A captain of artillery (Lucuo Dozonas of the Clockmakers’ Guild, only recently promoted) ordered his crew to span and load their scorpion. Several people pointed out that this was directly against orders, but he didn’t even reply. Since he was still quite new to all this, he had to get out his book of elevation and windage tables before he could wind in the settings. Fortunately, since the head of the trench was so close to the edge of the flooded ditch, he knew roughly what the range was. He gave the order to loose, and watched the bolt lift into the air. At first he thought he’d overshot, but the trajectory decayed and the bolt dropped, the sun flashing briefly on its point, glanced off one of the gabions and hit a man bringing up a pail of water. He was wearing one of those breastplates, but the bolt went through as though it was just a shirt.

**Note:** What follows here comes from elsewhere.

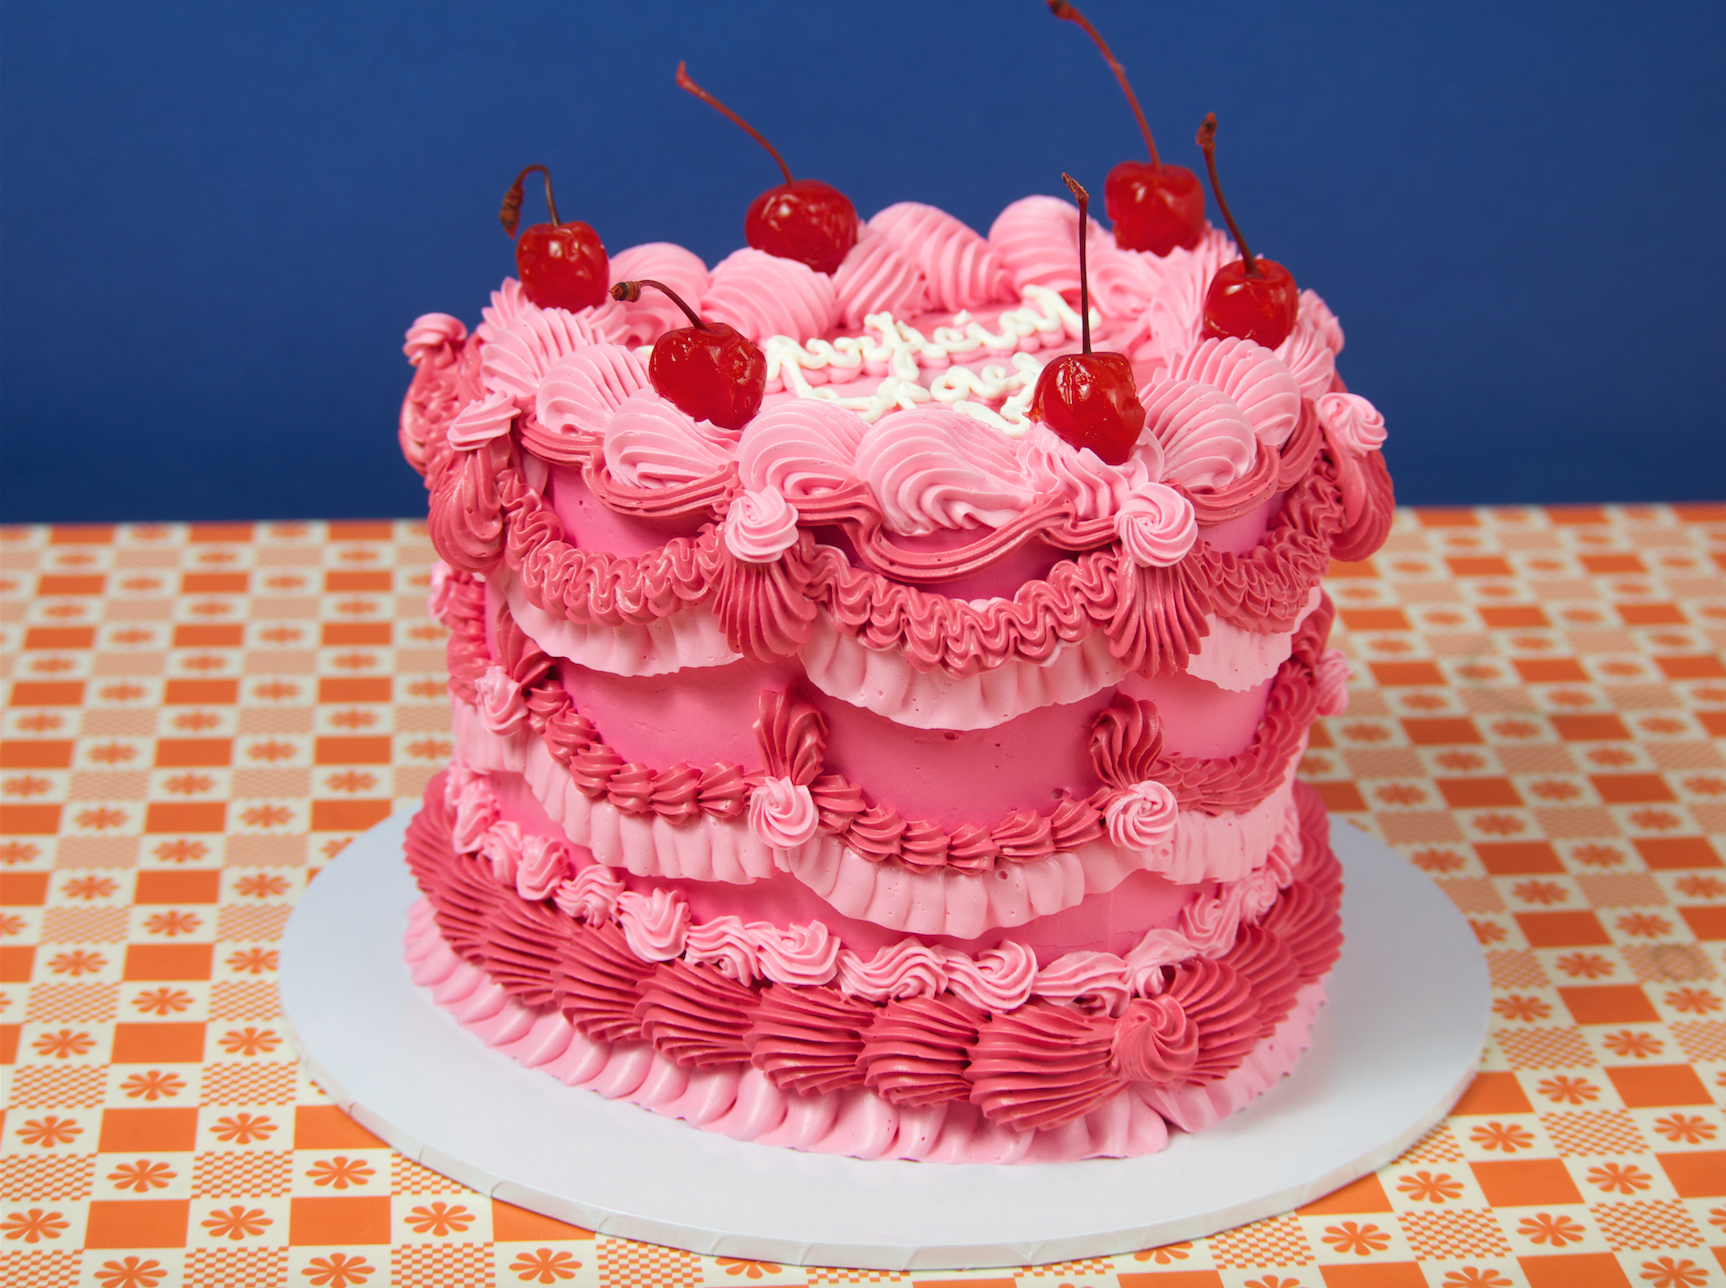 Vintage Cake Decorating - Baking Butterly Love

Dozonas hesitated, well aware that everybody was looking at him. “Fine,” he snapped, in a rather shaky voice. “Span and reload.”
Before his scorpion could loose again, four or five others had beaten him to it. Then the short-range mangonels opened up, throwing bricks and rubble. Before too long, they’d killed half a dozen sappers and wounded twice as many again, but the working parties hardly seemed to have noticed. They’d finished digging the holes; they were scooping in the concrete and manhandling the posts upright, with the machinery at the top. One scorpion bolt – pure luck – hit one of the posts dead centre, splitting it neatly up the middle. That seemed to bother the sappers far more than their dead and dying. They piled up more gabions and moved the shield trolley a few inches.